Offsetting the Tension of a Curves

If you want, you can start the curve on any point instead of the first. To support this, the Graphics class provides the following version of the DrawCurve() method:

public void DrawCurve(Pen pen, 
                      PointF[] points, 
                      int offset, 
                      int numberOfSegments);

The offset argument allows you to specify the number of points that should be skipped before starting to draw. The first conclusion is that the value of the offset argument must be 0 or higher.
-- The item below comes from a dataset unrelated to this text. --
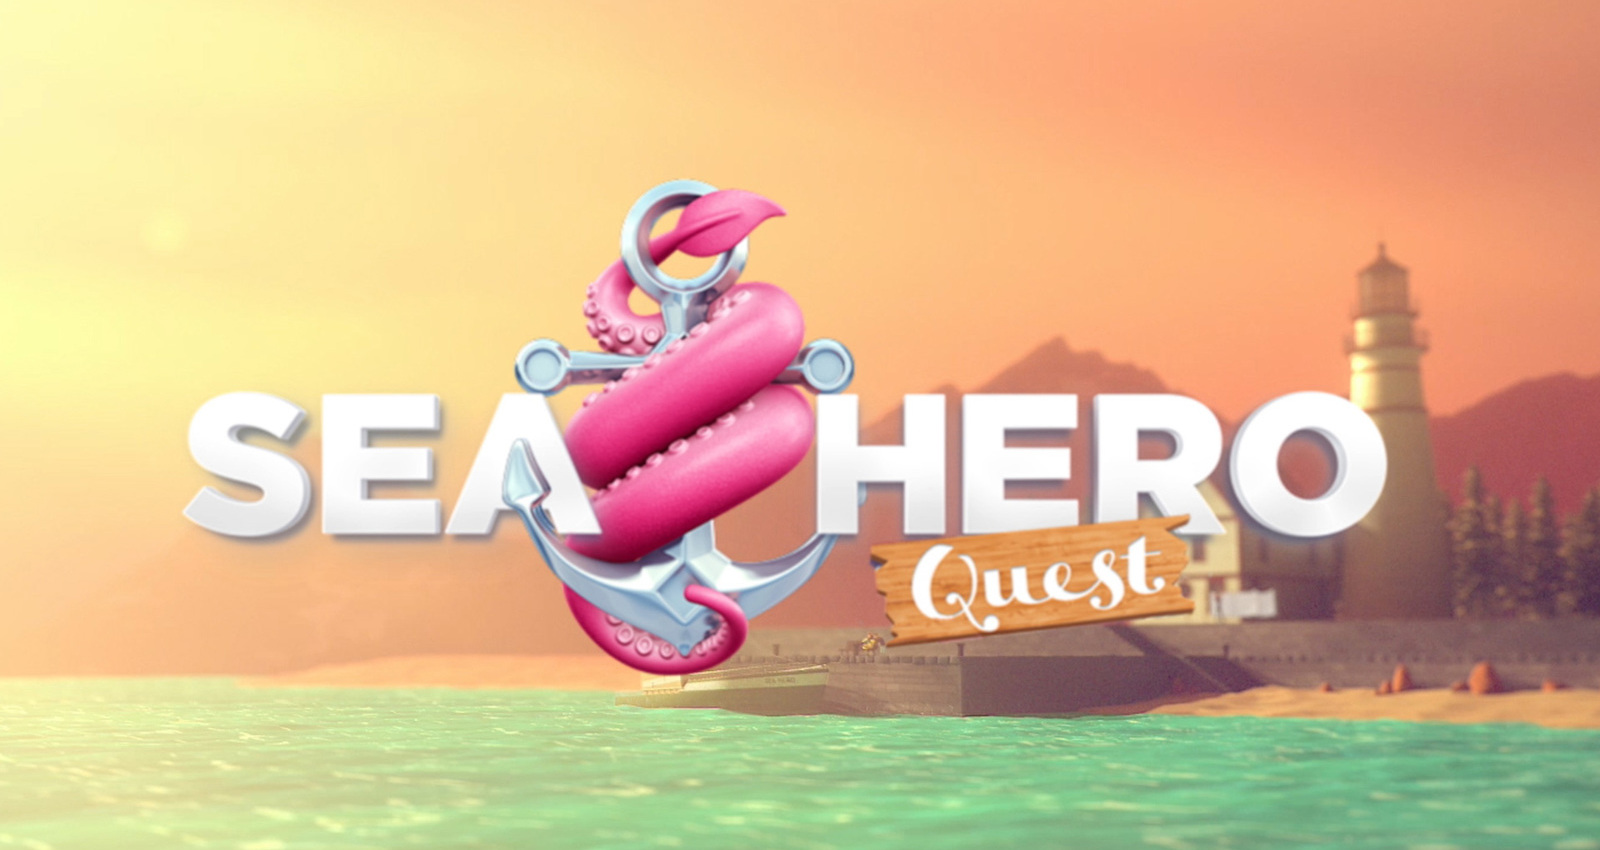 Sea Hero Quest

If you pass this argument as 0, the curve would be drawn from the first point. If you pass this argument as 1, the first point would not be considered in the curve. This means that the drawing of the curve would start on the second point and so on. If you pass it as 2, the first and the second point would not be part of the curve, meaning that the curve would start on the third point. 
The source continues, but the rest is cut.